Assignment >> Output begins at the line with "Star Wars Heart" and ends at the last line of the records below. Copy each line in that span exactly, and leave out pictures.

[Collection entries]
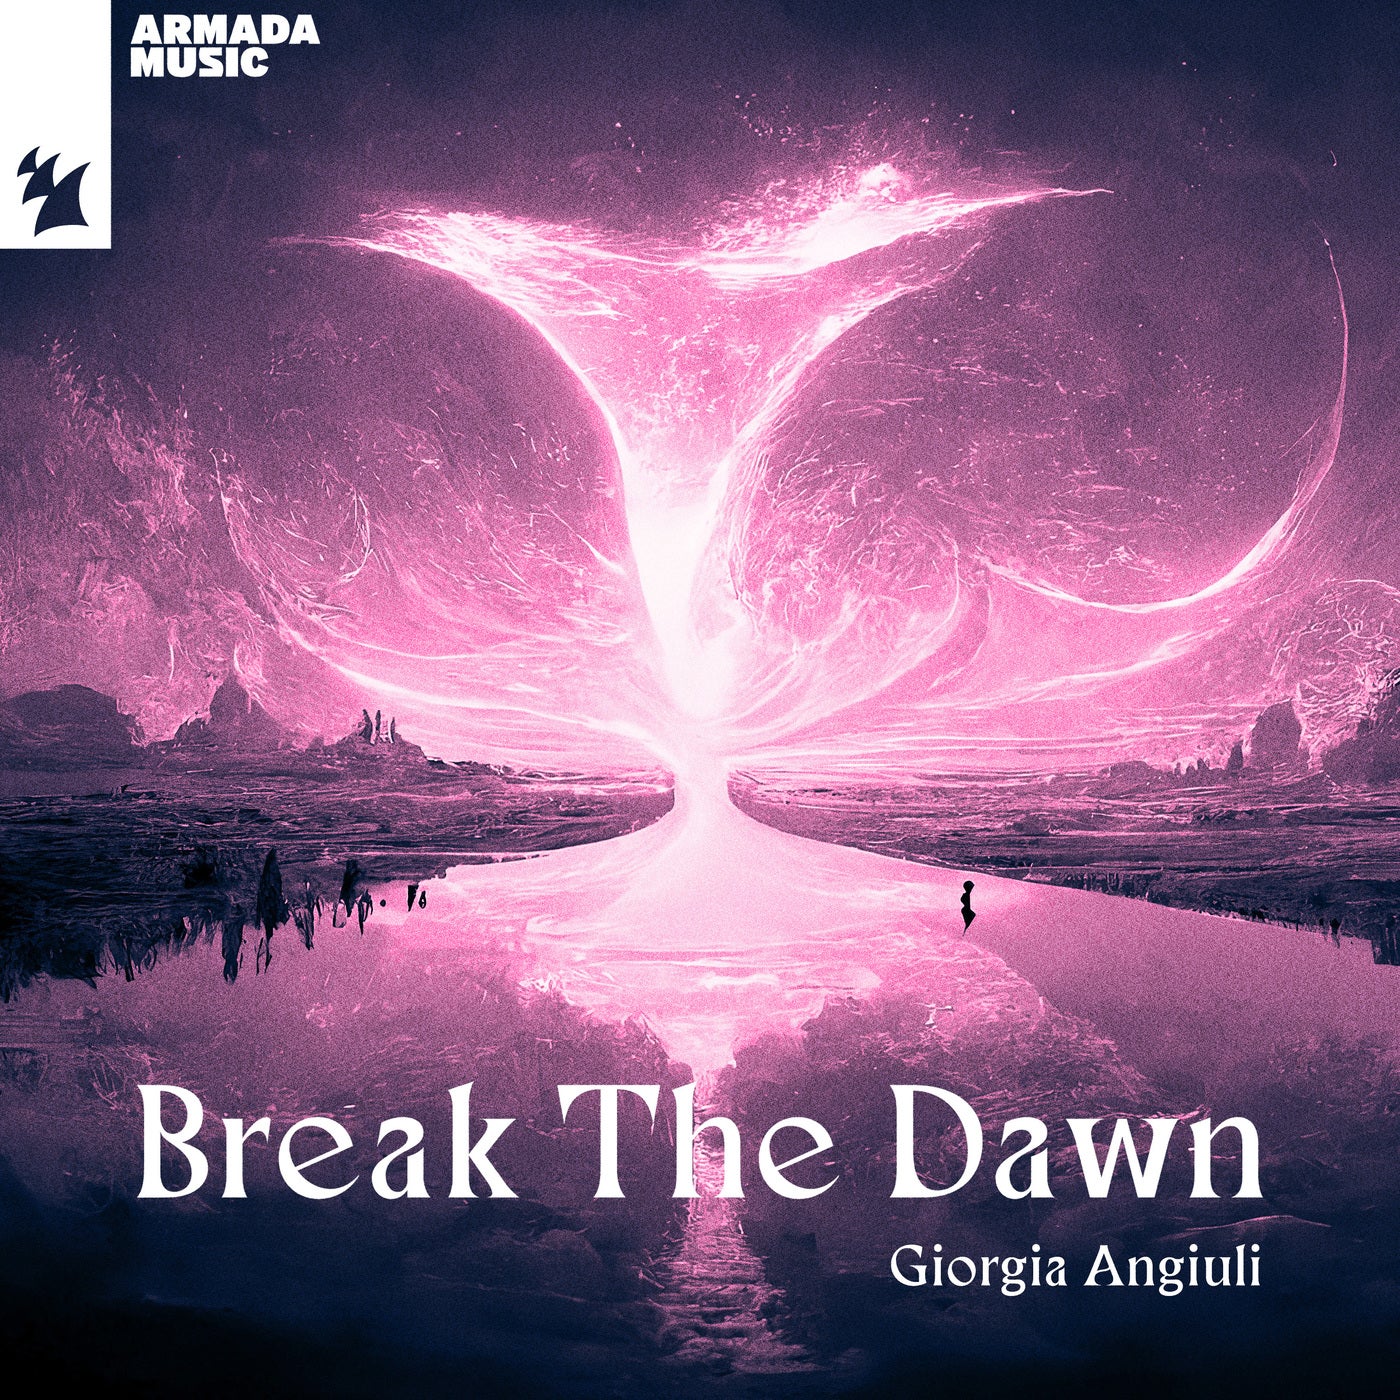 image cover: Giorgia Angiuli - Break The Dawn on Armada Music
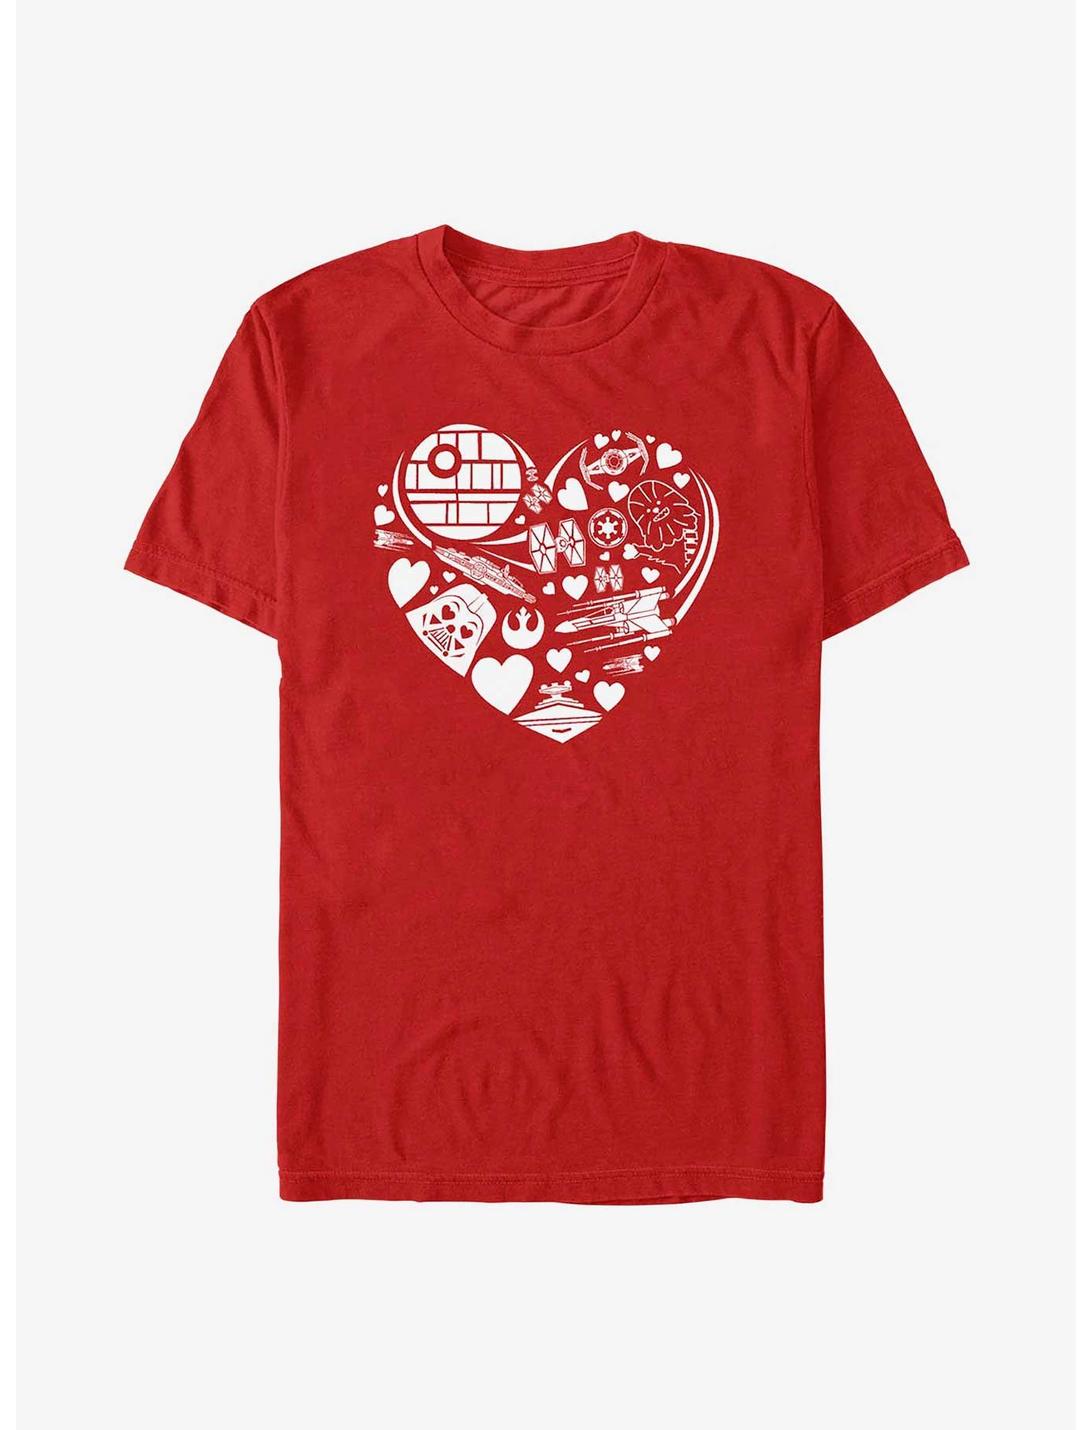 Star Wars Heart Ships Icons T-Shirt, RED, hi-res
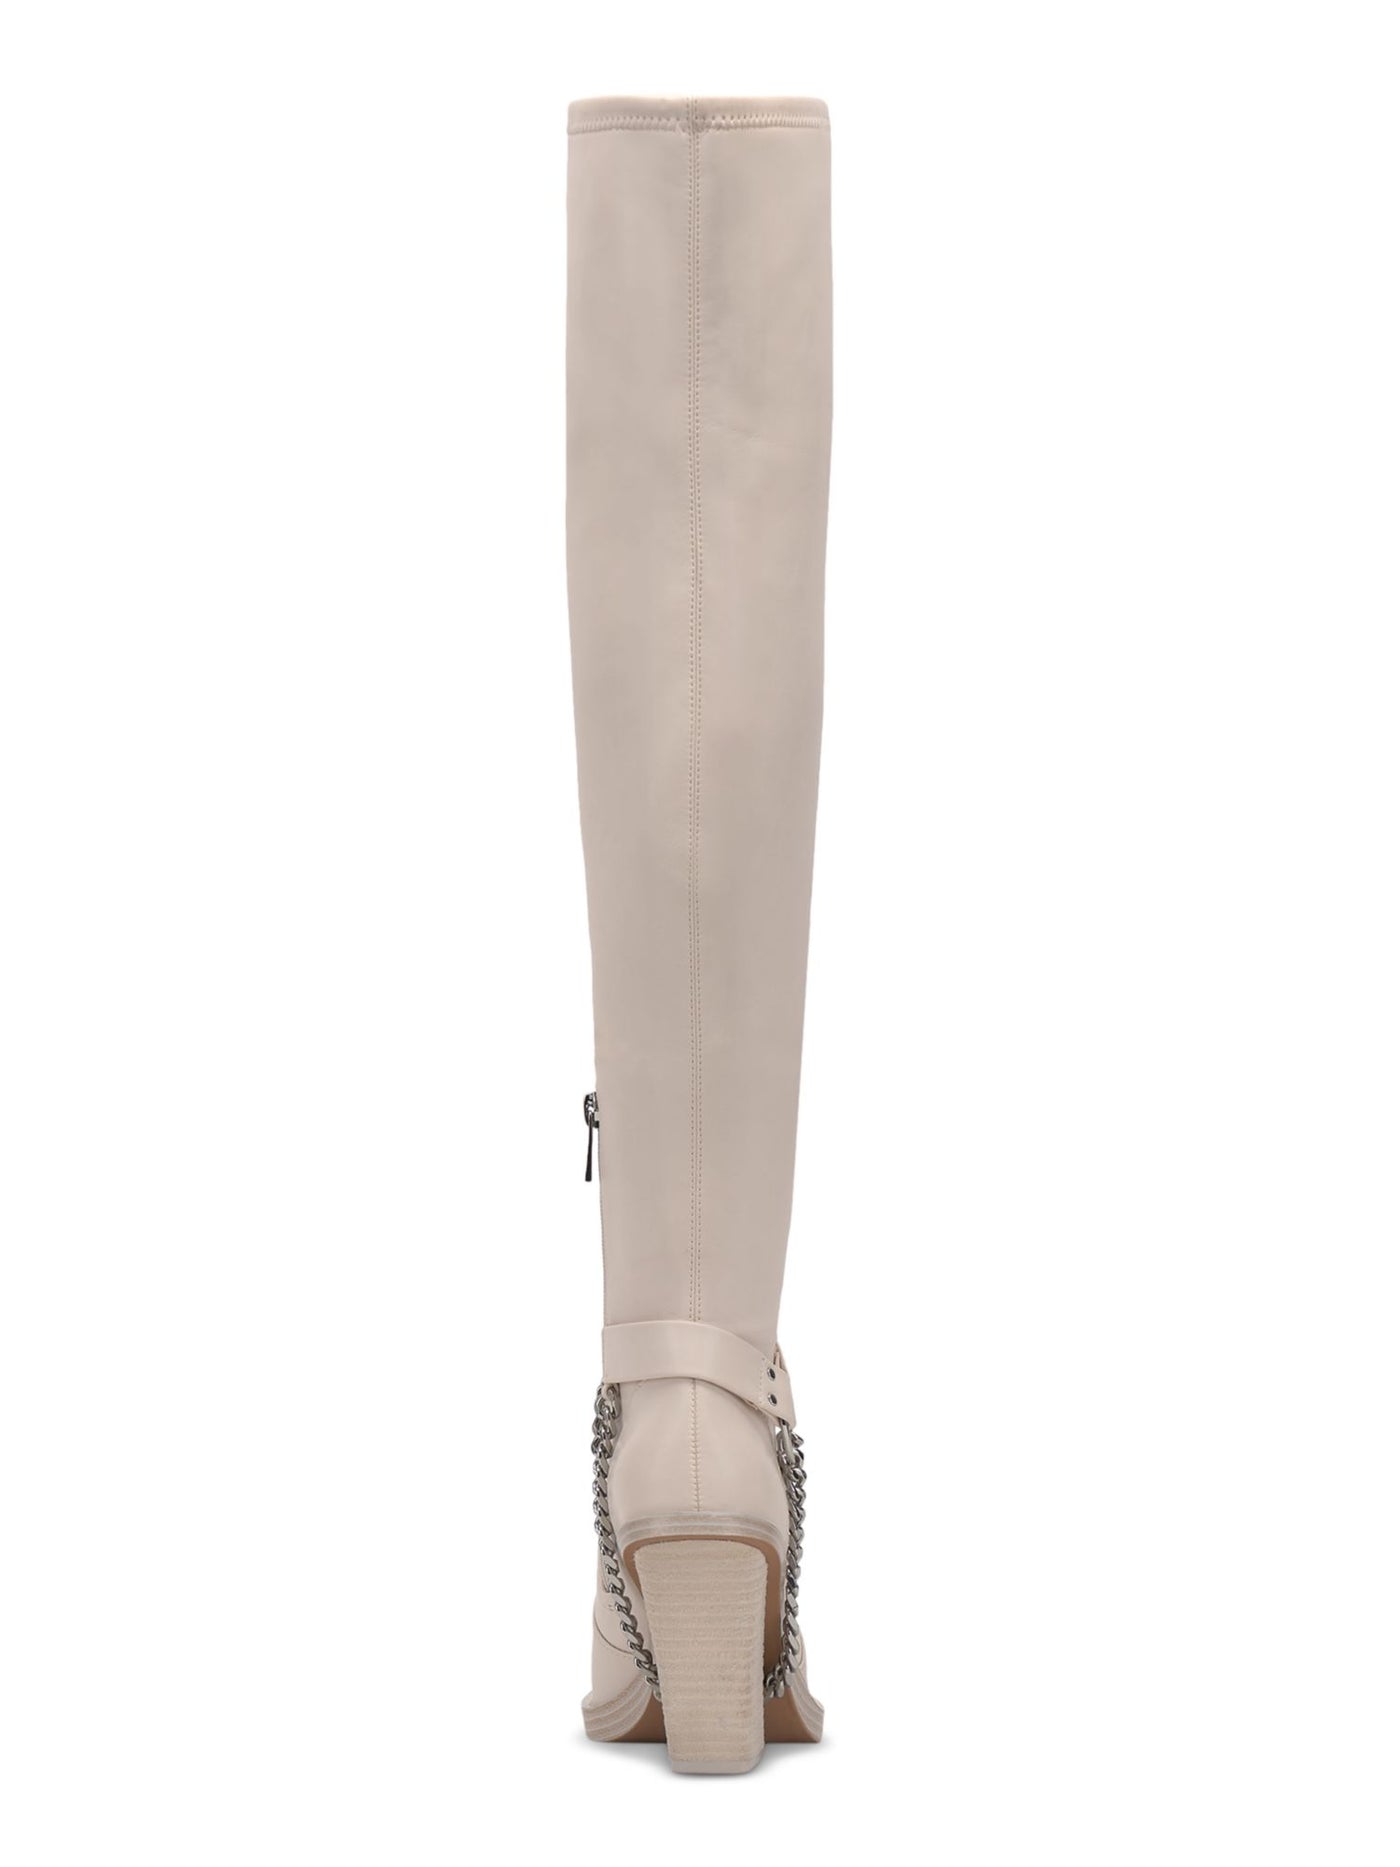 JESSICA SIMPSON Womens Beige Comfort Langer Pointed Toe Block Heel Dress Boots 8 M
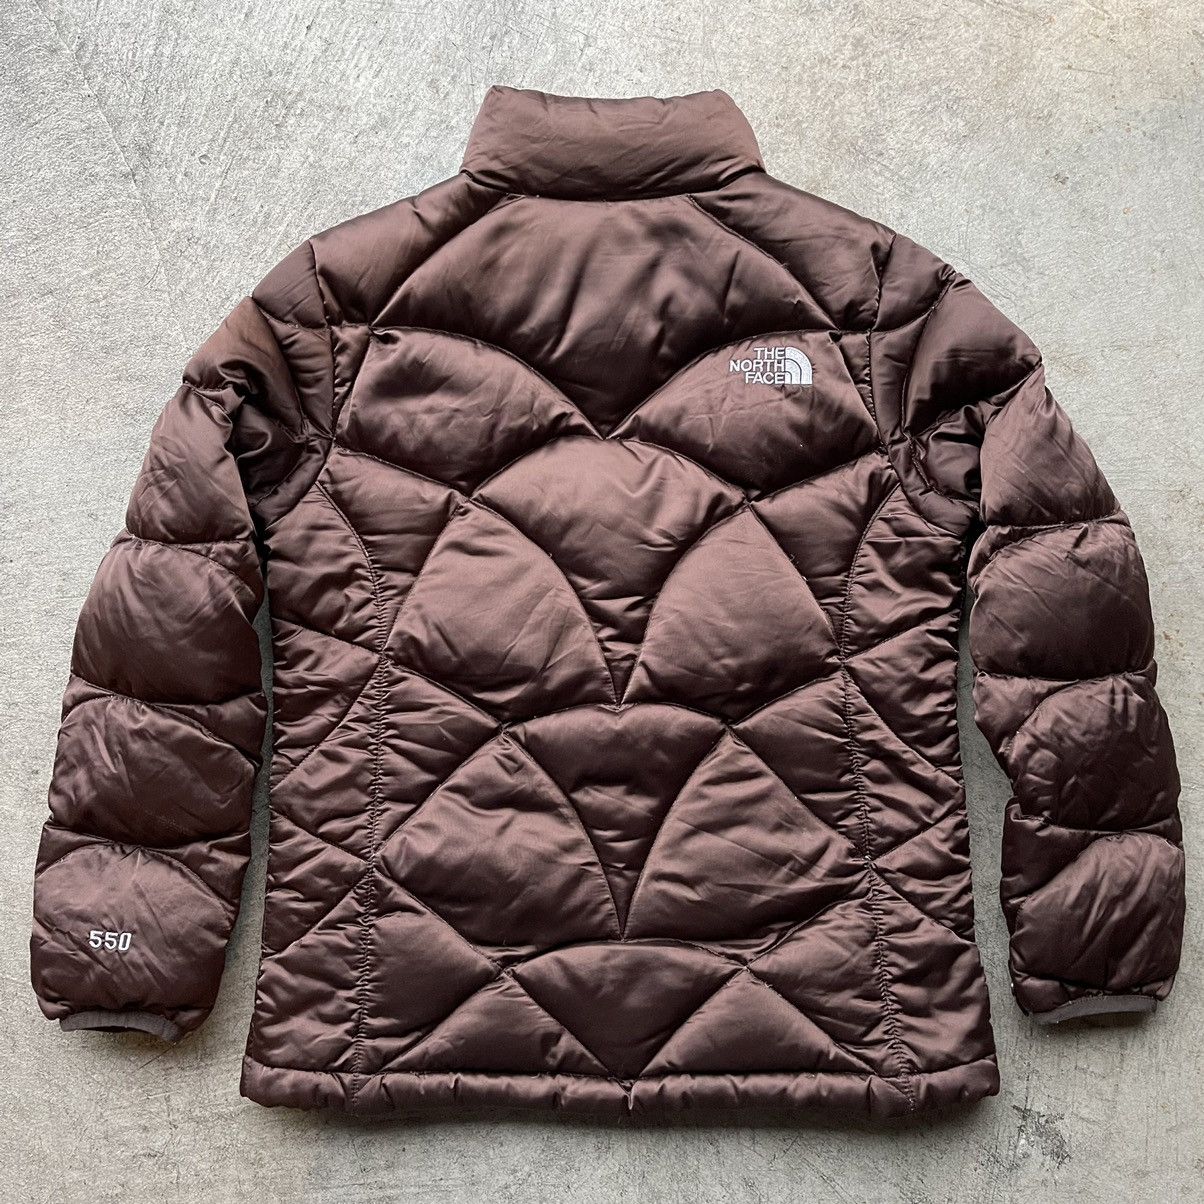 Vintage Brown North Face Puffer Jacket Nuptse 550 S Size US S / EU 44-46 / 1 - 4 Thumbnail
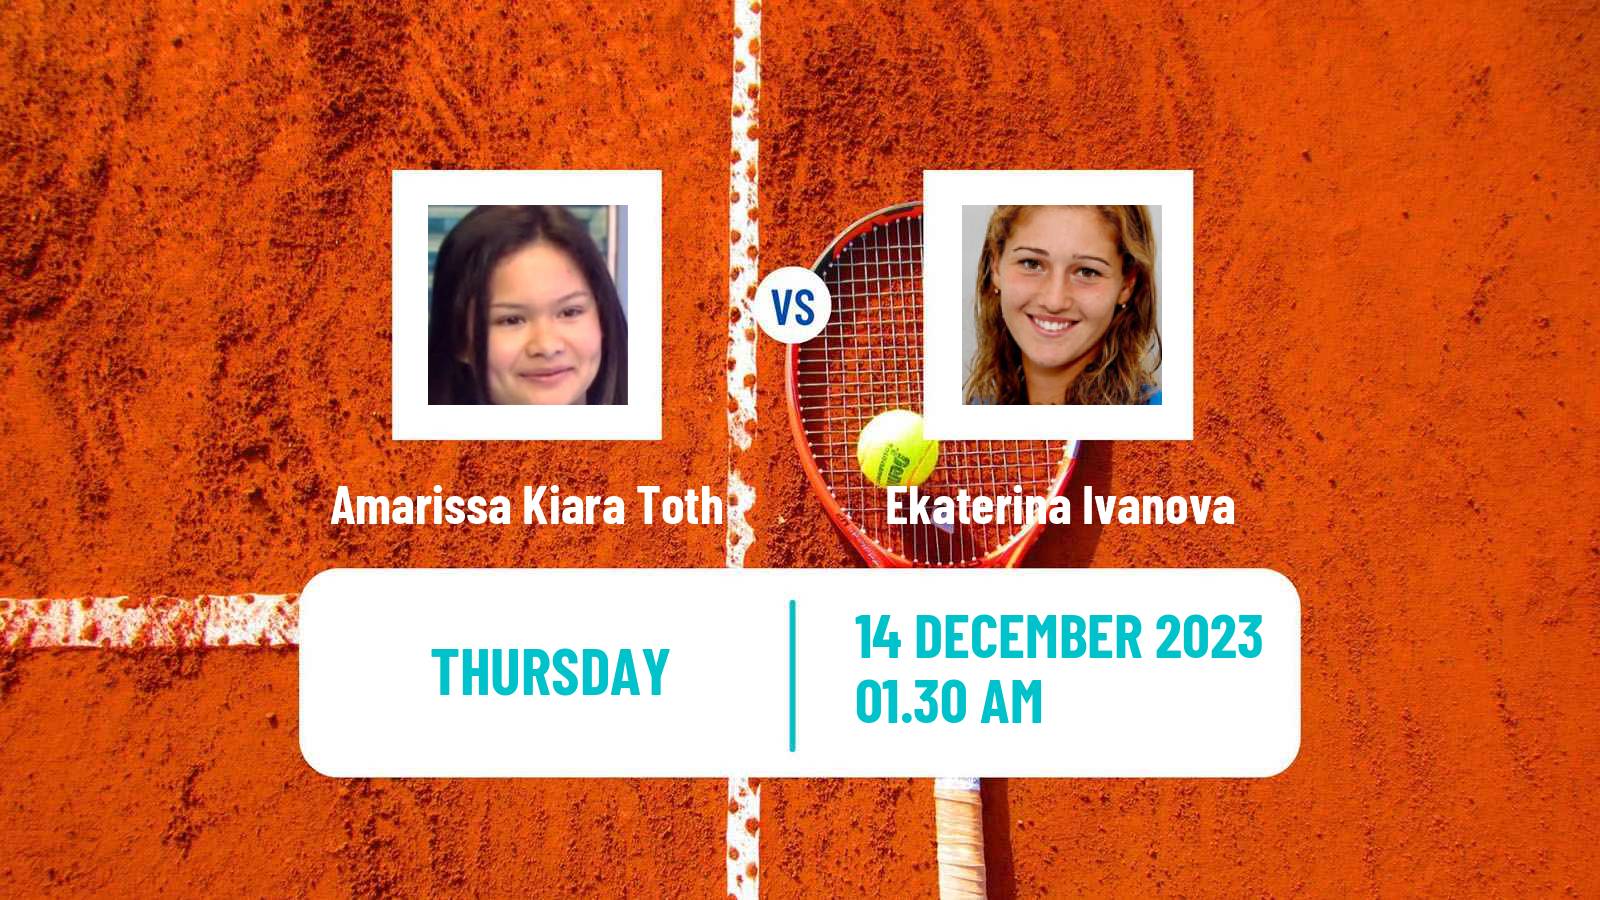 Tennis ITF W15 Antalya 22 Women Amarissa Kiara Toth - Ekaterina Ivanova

Solution to this exercise >>
 Star Wars Heart Ships Icons T-Shirt, RED, hi-res
 JESSICA SIMPSON Womens Beige Comfort Langer Pointed Toe Block Heel Dress Boots 8 M
 Vintage Brown North Face Puffer Jacket Nuptse 550 S Size US S / EU 44-46 / 1 - 4 Thumbnail
 Tennis ITF W15 Antalya 22 Women Amarissa Kiara Toth - Ekaterina Ivanova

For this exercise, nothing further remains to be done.